‘Simple as Water’ Review: Family Ties That Spread Around the World


Megan Mylan’s latest documentary takes the humble idea of ​​telling the candid and humane stories of Syrian families affected by the civil war in their home country, and does so on an unmistakably ambitious scale. Filmed over five years in five different countries, “Simple as Water” is far from simple when it comes to its technical achievements, combining familiar immigrant narratives in ways that still manage to surprise and amaze.

The film concludes with short stories about Yasmin, a mother of four, who lives in a refugee camp close to the Athens shipyards, as she struggles to reunite her children with their father in Germany.
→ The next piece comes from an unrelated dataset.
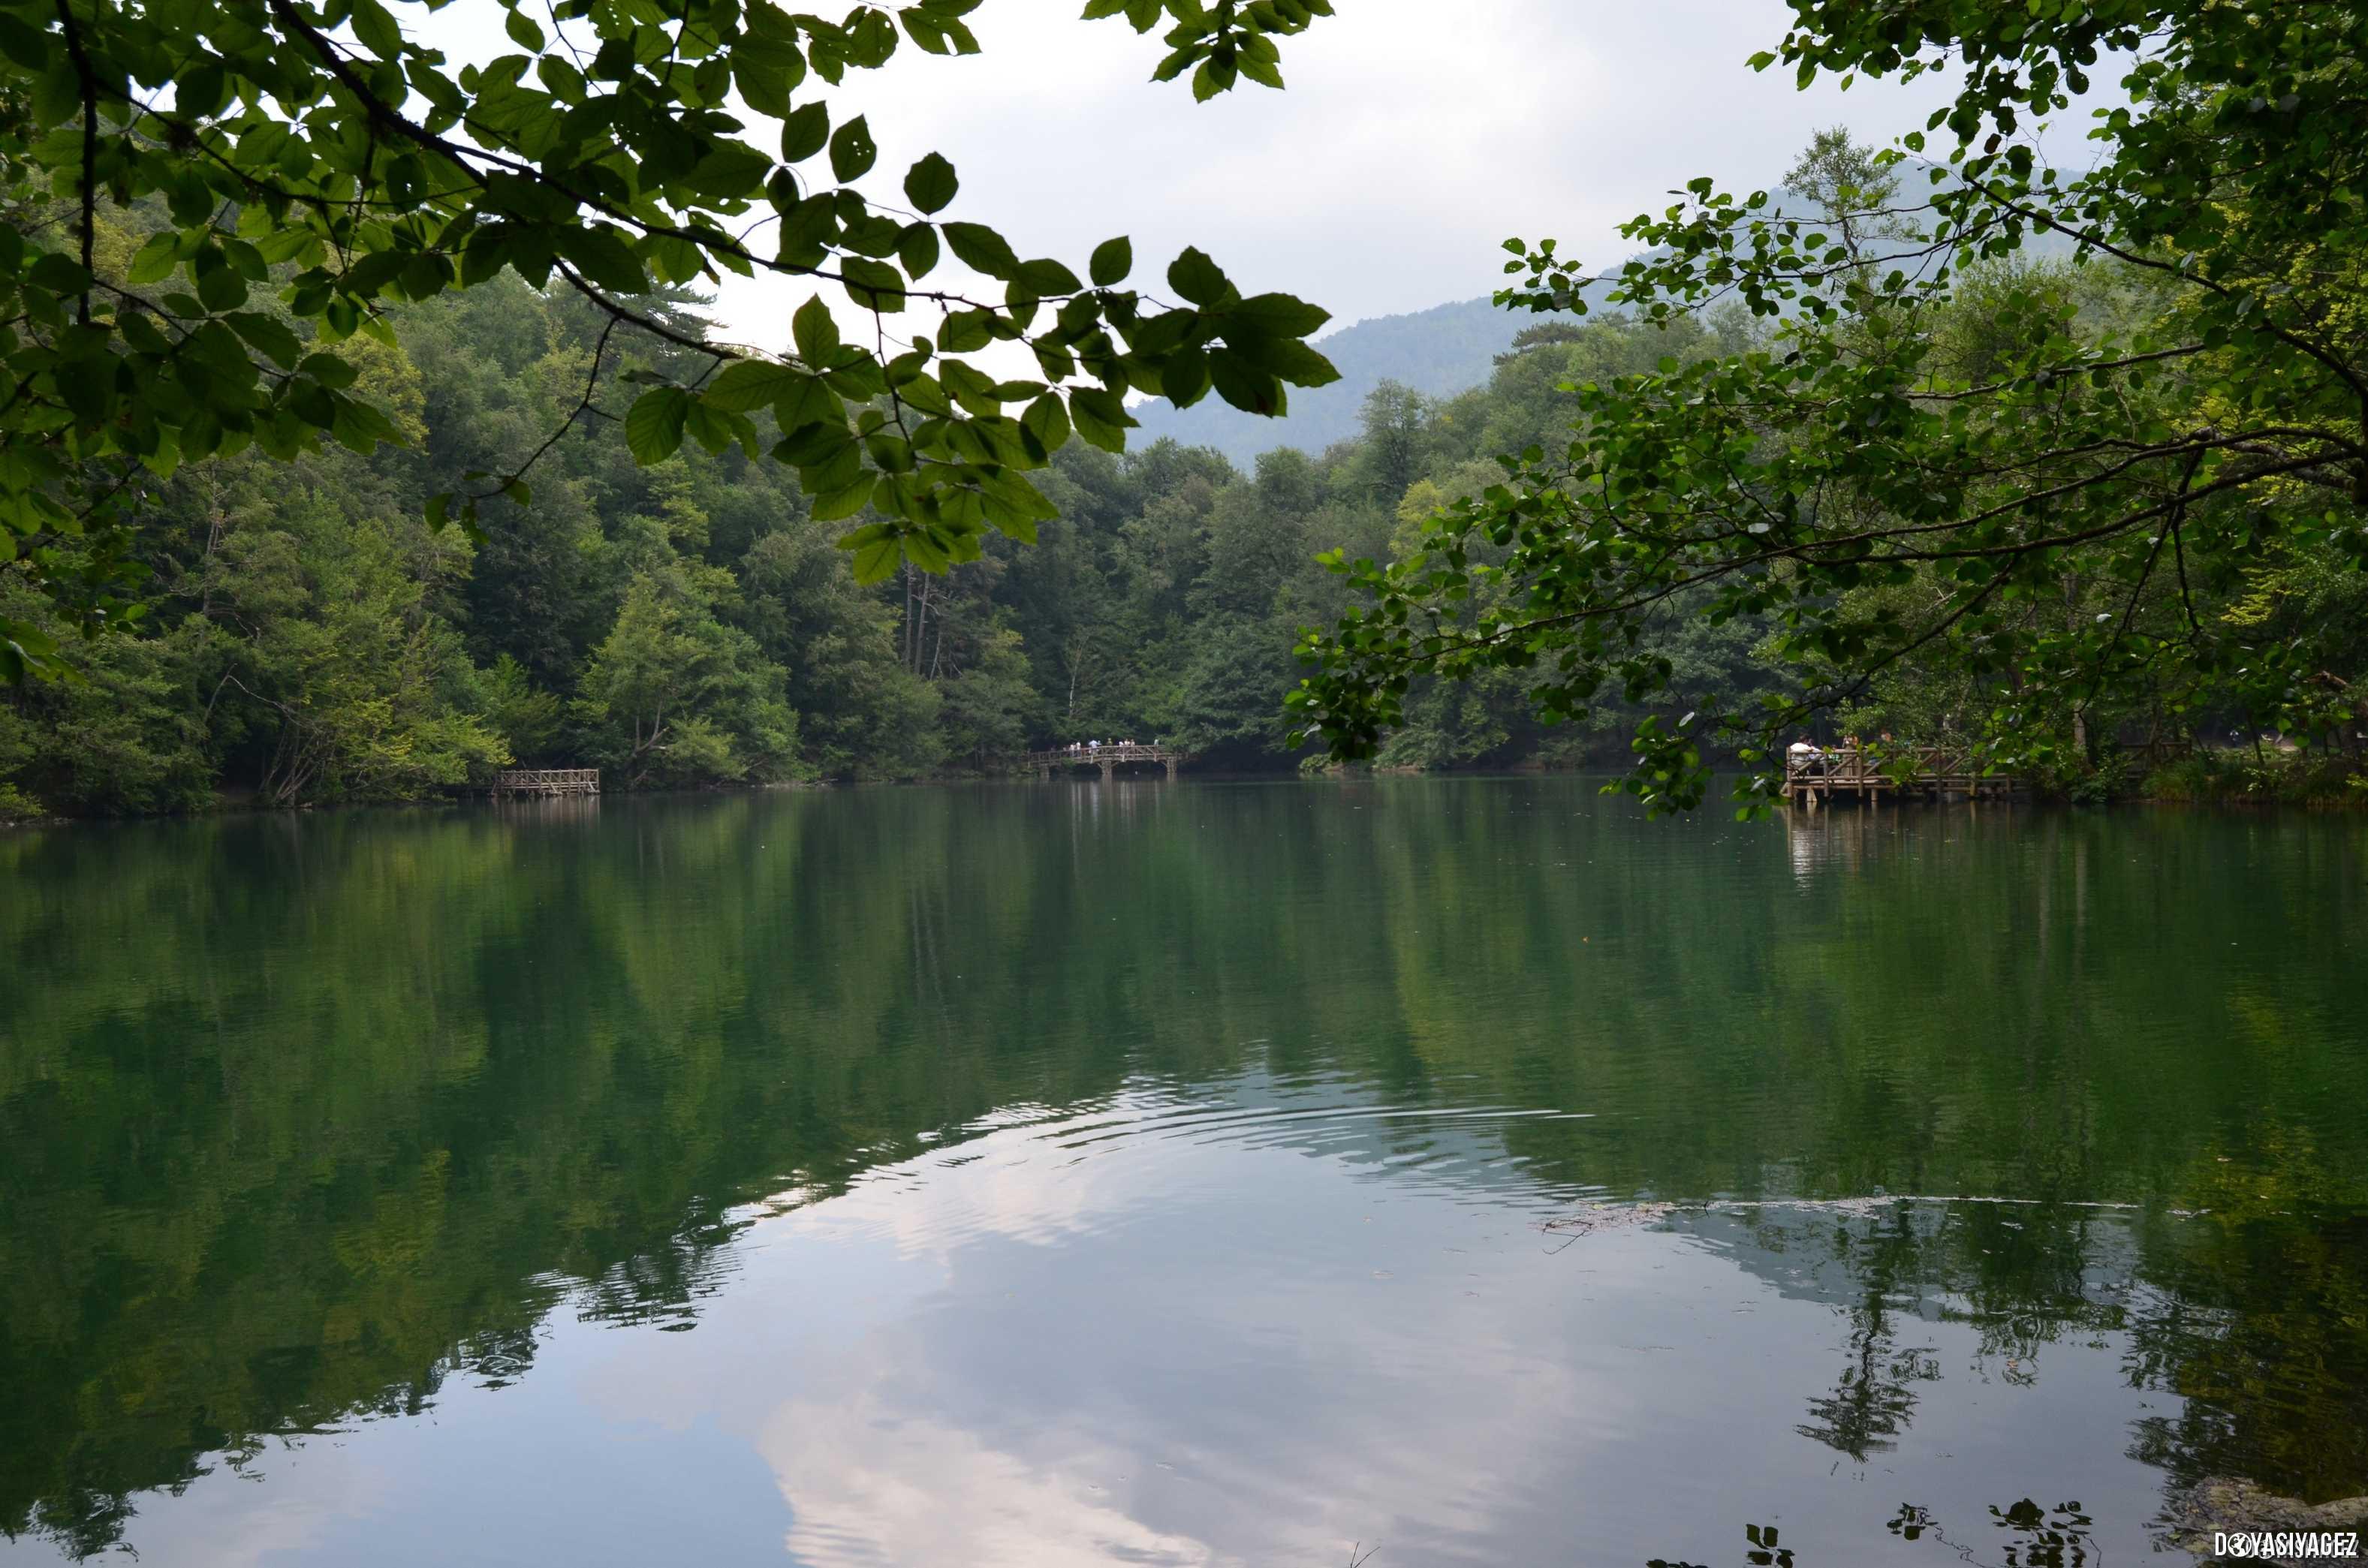 yedigöller kmp göl
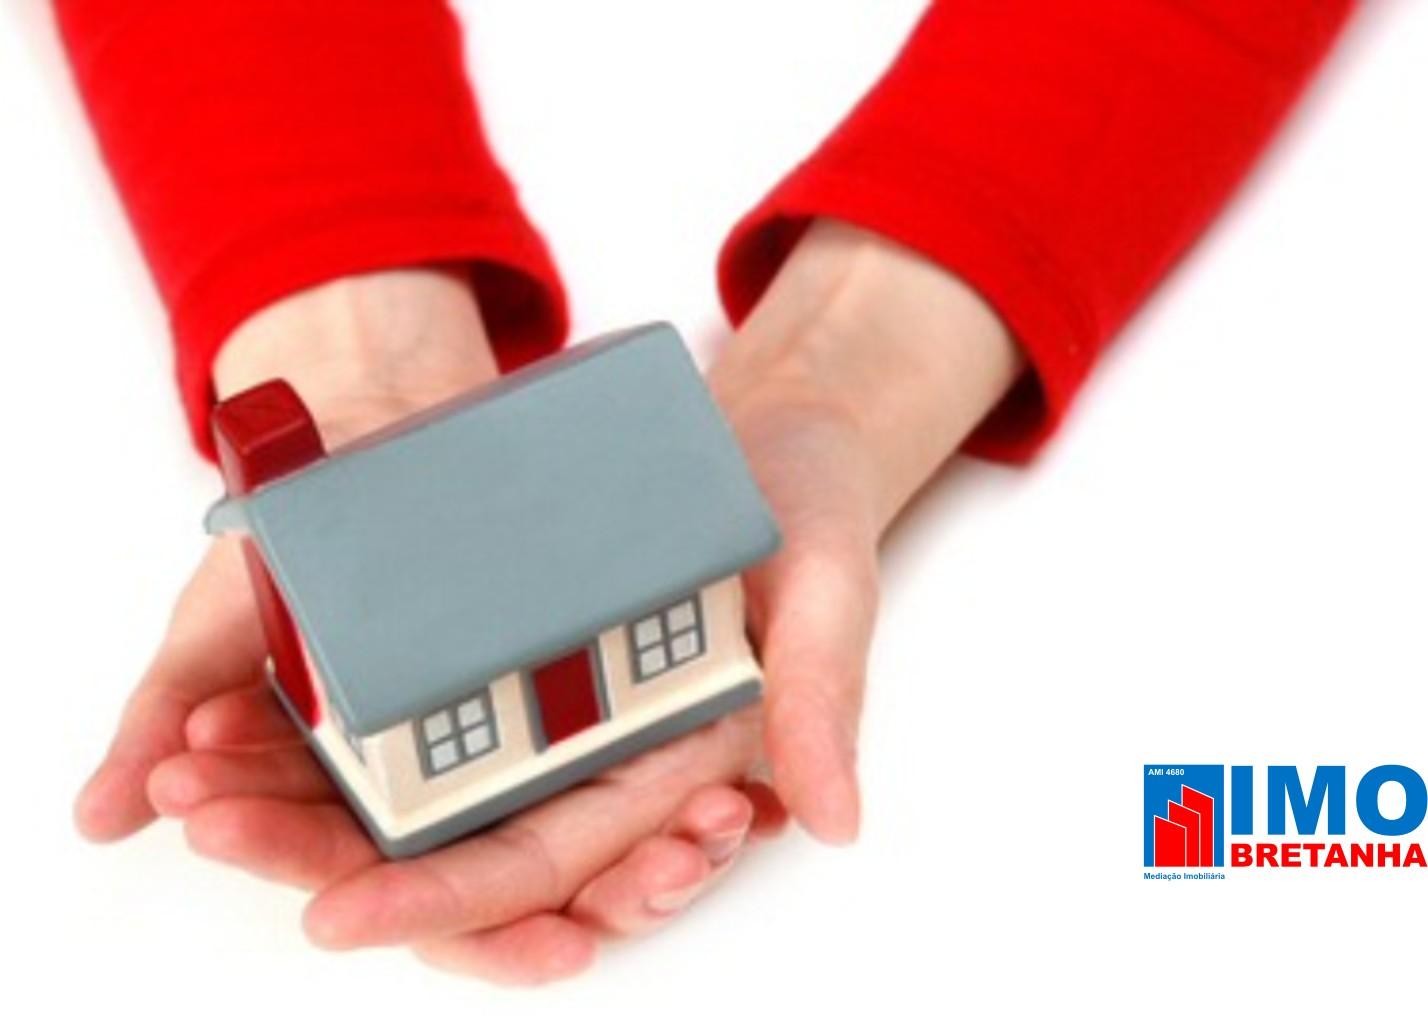 Pretende vender a sua casa? 4 - razões para que seja a IMOBRETANHA, imobiliária da Covilhã a ajuda-lo!

Her story offers an optimistic streak to Mylan’s other subjects, which offer a much more devastating and ambiguous look at the struggles of trying to make a new life in an unusual place. In Turkey, a single mother who doesn’t have time to care for her children tries to take them to an orphanage, but her eldest son – a 12-year-old who takes on the role of caretaker while she’s at work – resolutely refuses to go.

In Pennsylvania, a delivery man named Omar applies for asylum for himself and his brother. Through cascading revelations, we learn that Omar’s brother is not just an amputee, he appeared on CNN as a child when his leg was blown off in a rocket attack in Syria.

These stories avoid stereotypes by lingering in their characters’ everyday, humble routines: after-school basketball games, a sunset walk in an orchard, making a makeshift toy from a string, and a milk crate.

The reach of Mylan and his team is remarkable on the political as well as the personal front – one episode set in Syria was filmed with the help of two women from Damascus, known by pseudonyms. One of the more contemplative moments in “Simple as Water,” which combines Mylan’s thoughts on parenting with the uncertainty of a nation’s future.

as simple as water
Not rated. Arabic and English, with subtitles. Duration: 1 hour 37 minutes. In movie theaters.